Reverting this commit helps and the tests complete without any crash.

pmem0: detected capacity change from 0 to 10720641024
BUG: Kernel NULL pointer dereference on read at 0x00000000
Faulting instruction address: 0xc000000000c3447c
Oops: Kernel access of bad area, sig: 11 [#1]

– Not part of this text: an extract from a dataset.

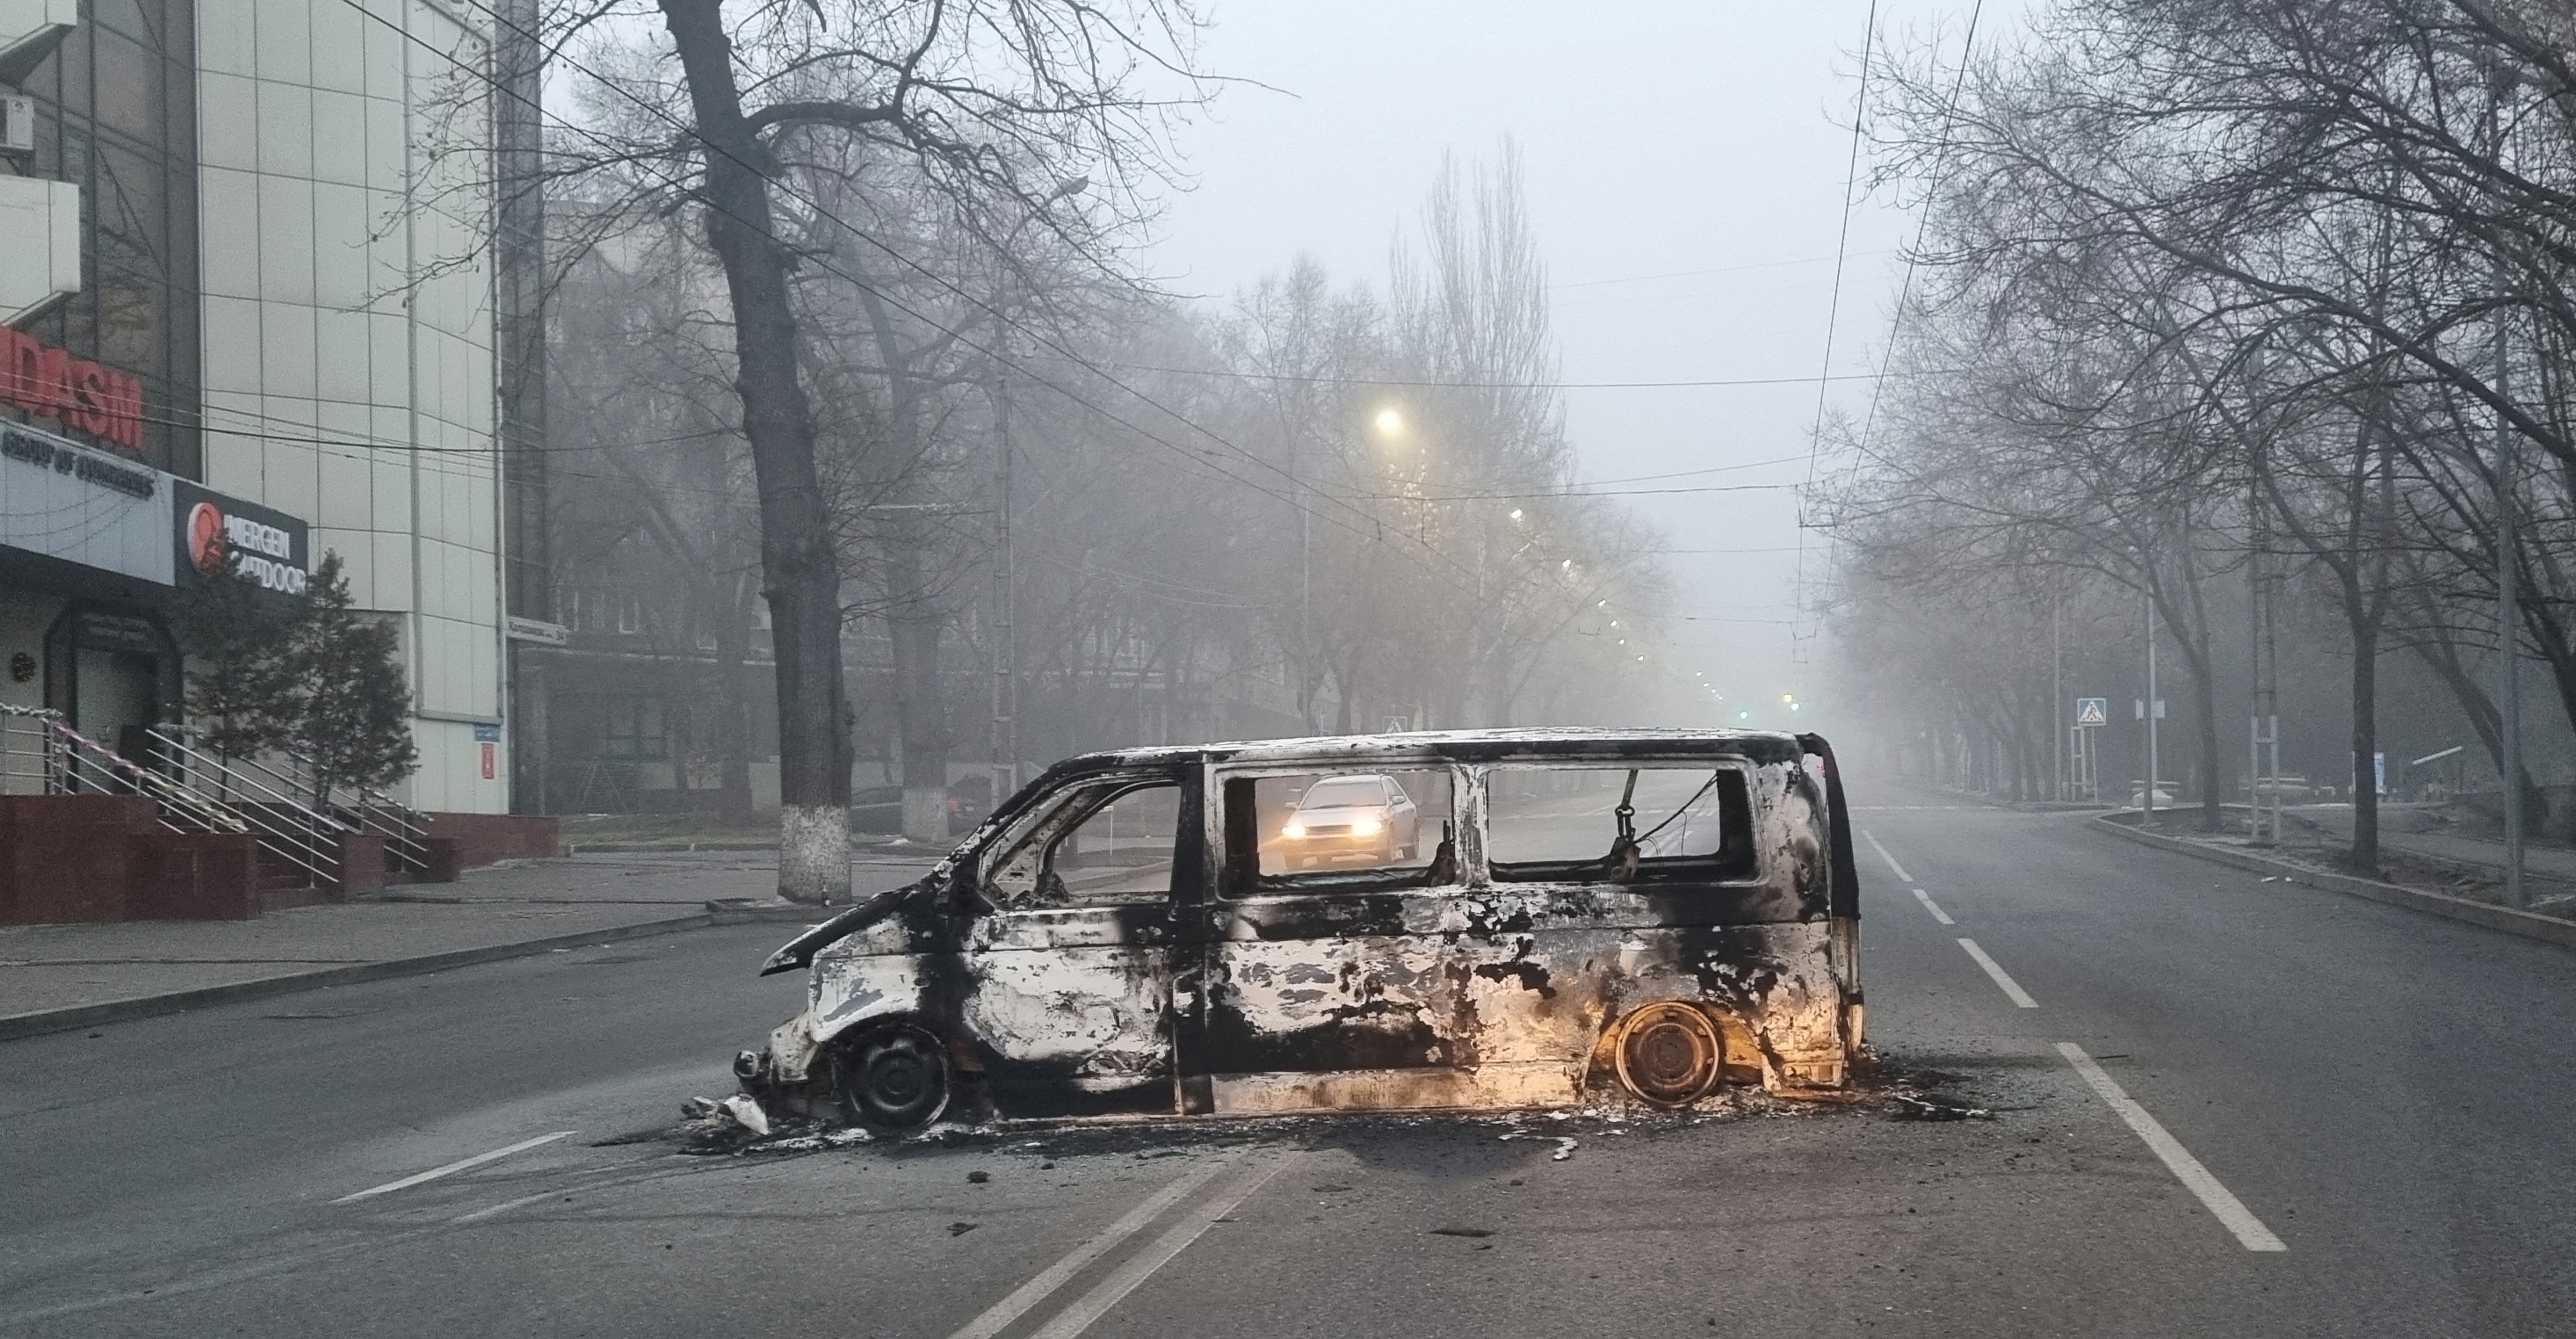 Một chiếc xe bị đốt cháy trong cuộc biểu tình do tăng giá nhiên liệu được nhìn thấy trên một con đường ở Almaty, Kazakhstan ngày 6 tháng 1 năm 2022. REUTERS / Pavel Mikheyev

LE PAGE_SIZE=64K MMU=Hash SMP NR_CPUS=2048 NUMA pSeries
Dumping ftrace buffer:
(ftrace buffer empty)
Modules linked in: dm_mod nf_conntrack nf_defrag_ipv6 nf_defrag_ipv4 libcrc32c ip6_tables nft_compat ip_set rfkill nf_tables nfnetlink sunrpc sg pseries_rng papr_scm uio_pdrv_genirq uio sch_fq_codel ip_tables sd_mod t10_pi ibmvscsi scsi_transport_srp ibmveth
CPU: 11 PID: 7519 Comm: lt-ndctl Not tainted 5.6.0-rc7-autotest #1
NIP: c000000000c3447c LR: c000000000088354 CTR: c00000000018e990
REGS: c0000006223fb630 TRAP: 0300 Not tainted (5.6.0-rc7-autotest)

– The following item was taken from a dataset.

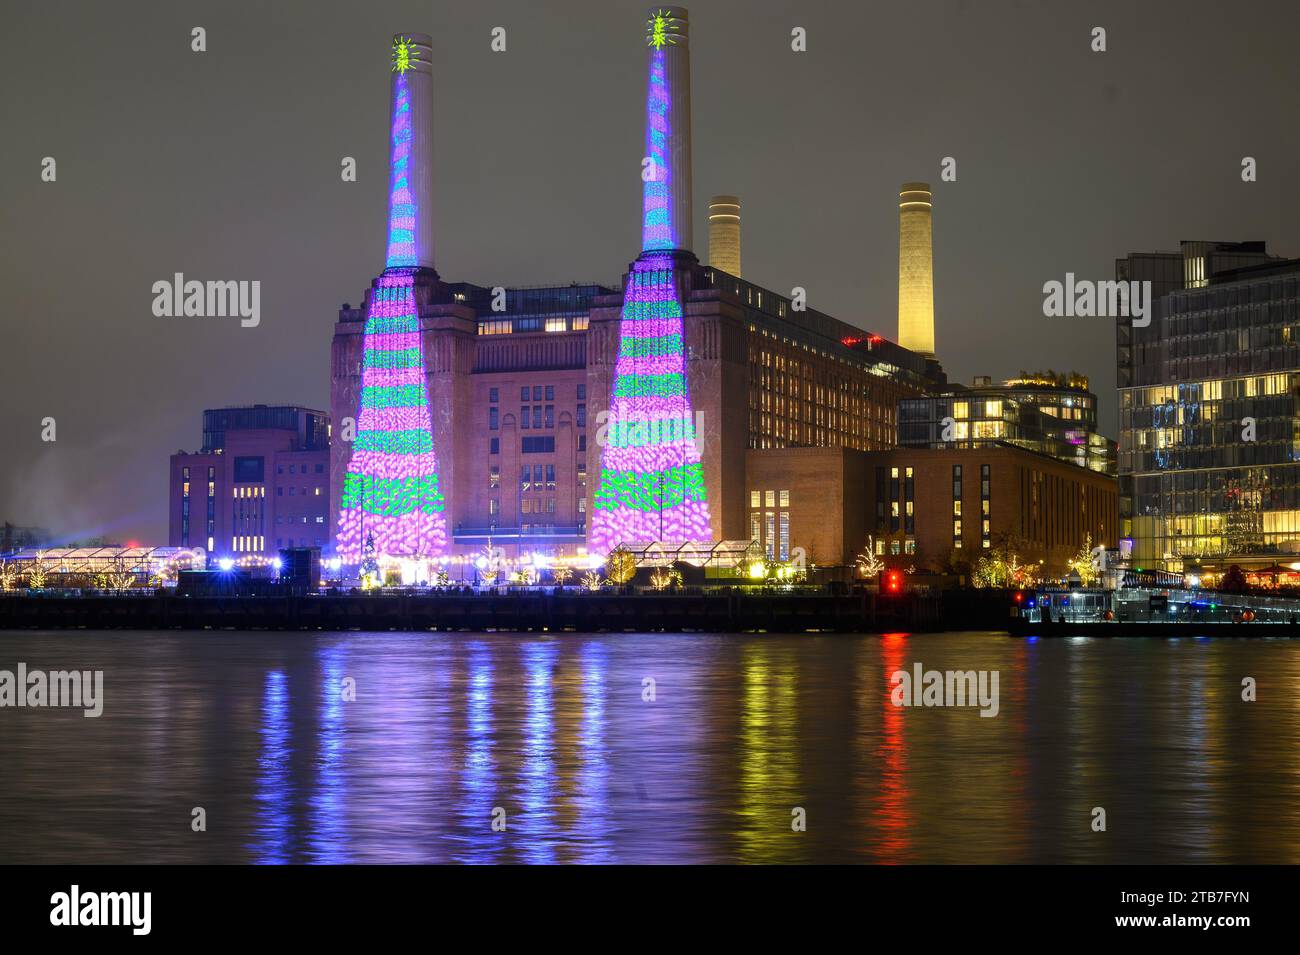 London, Großbritannien. Dezember 2023. Mit einem ipad hat David Hockney zwei große, grün und violett gestreifte Weihnachtsbäume geschaffen, von denen jeder einen goldenen Stern an der Spitze hat. Die zwei 100 Meter hohen Schornsteine mit Blick auf die Themse sind auf den Kraftwerken zu sehen. Das Weihnachtskunstwerk soll den Menschen in London, Großbritannien, „Freude und Hoffnung“ bringen. Credit: Mary-Lu Bakker/Alamy Live News Credit: Mary-Lu Bakker/Alamy Live News Stockfoto

MSR: 800000000280b033 <SF,VEC,VSX,EE,FP,ME,IR,DR,RI,LE> CR: 24048888 XER: 00000000
CFAR: c00000000000dec4 DAR: 0000000000000000 DSISR: 40000000 IRQMASK: 0
GPR00: c0000000003c5820 c0000006223fb8c0 c000000001684900 0000000004000000
GPR04: c00c000101000000 0000000007ffffff c00000067ff20900 c00c000000000000
GPR08: 0000000000000000 c00c000100000000 0000000000000000 c000000003f00000
GPR12: 0000000000008000 c00000001ec70200 00007fffc102f9e8 000000001002e088
GPR16: 0000000000000000 0000000010050d88 000000001002f778 000000001002f770
GPR20: 0000000000000000 0000000000000100 0000000000000001 0000000000001000
GPR24: 0000000000000008 0000000000000000 0000000004000000 c00c000100004000
GPR28: c000000003101aa0 c00c000100000000 0000000001000000 0000000004000100
NIP [c000000000c3447c] vmemmap_populated+0x98/0xc0
LR [c000000000088354] vmemmap_free+0x144/0x320
Call Trace:
[c0000006223fb8c0] [c0000006223fb960] 0xc0000006223fb960 (unreliable)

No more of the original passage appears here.